After we looked at the Costume Gallery, the rain was pretty much done. However, even though it was a Saturday, there didn't seem to be all that many people at the gardens while we were there -- probably because of the rain earlier. We have a few pictures from the parts of the garden we actually saw.
On Sunday, we took the train to Torino/Turin and stayed in a hotel near the station, since we had been unable to reserve a room at the conference venue for that night. Monday morning, we packed up, checked out, and headed to the conference venue, which was a bit of an adventure in itself. Luckily, though they hadn't sent confirmation of it, our reservation had been successful, and we were able to check in, I was able to set up the posters I had with me (one for my demo, one for the one my adviser was doing on behalf of some other students in our lab group, and one for a collaborator who just recently graduated and lives in California).
The conference itself was good, though tiring for me, since there were three different times total on two different days scheduled for demos and posters, and a bit of that time during all three times involved people interested in my demo. I was glad to hole up in our room at the end of each day and be hermit-y after talking to so many people for so much of the day. Good people -- just tiring to do demos is all. Mark just had a 20-min. talk about his paper and then he was done except for the listening to other talks and talking with people outside of the scheduled sessions, both of which I was also doing.

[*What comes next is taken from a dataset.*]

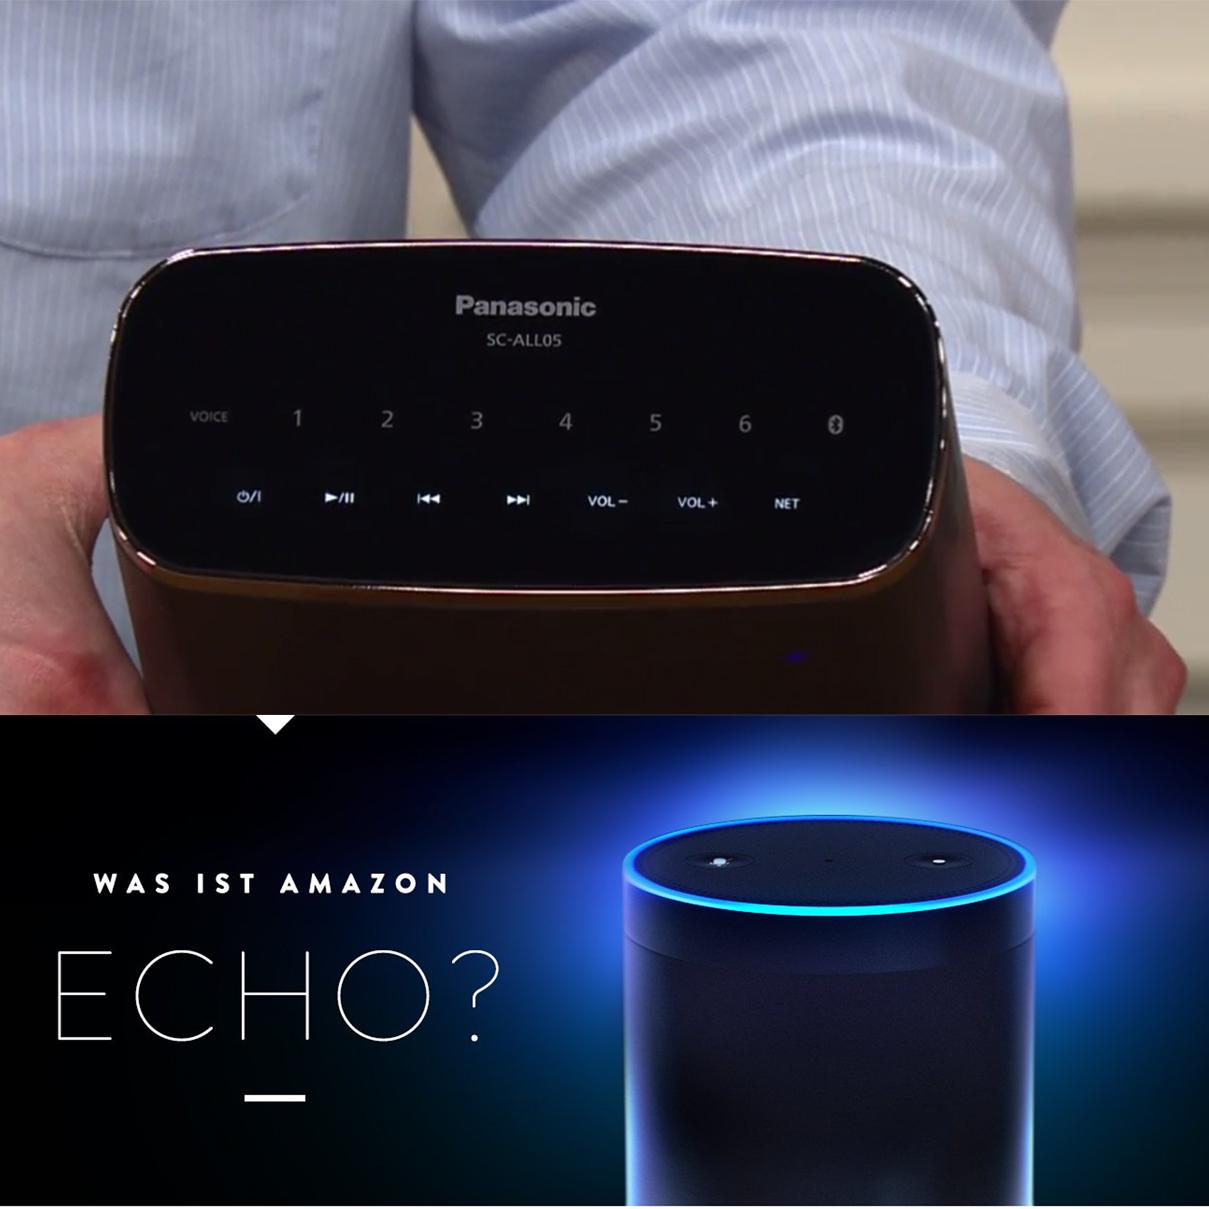 Panasonic wasserfester WLAN Bluetooth (Multiroom) Lautsprecher mit Akku oder Amazon Echo zum Bestpreis @QVC

We took a few pictures on our way out of town, as we walked back toward the train station to head back to Florence. After some shopping around town, we took the shuttle to the airport, witnessing quite the Italian fight between a couple other passengers and the shuttle driver when the shuttle showed up later than the couple in question thought it should. Florence has a rather small airport -- the gates only have numbers, since they don't even have to use two digits, and they don't actually have any walkways; the gates are doors leading to a row of shuttles that seem necessary only to make sure you know which plane is yours and to prevent you from walking where the next one will soon be.
2 comments:
Wow, that sounds like a great adventure. The photos were awesome! I'm glad that things went well with the presentations.
Cheers,
Scott
Wow, that sounds like a great adventure. The photos were awesome! I'm glad that things went well with the presentations.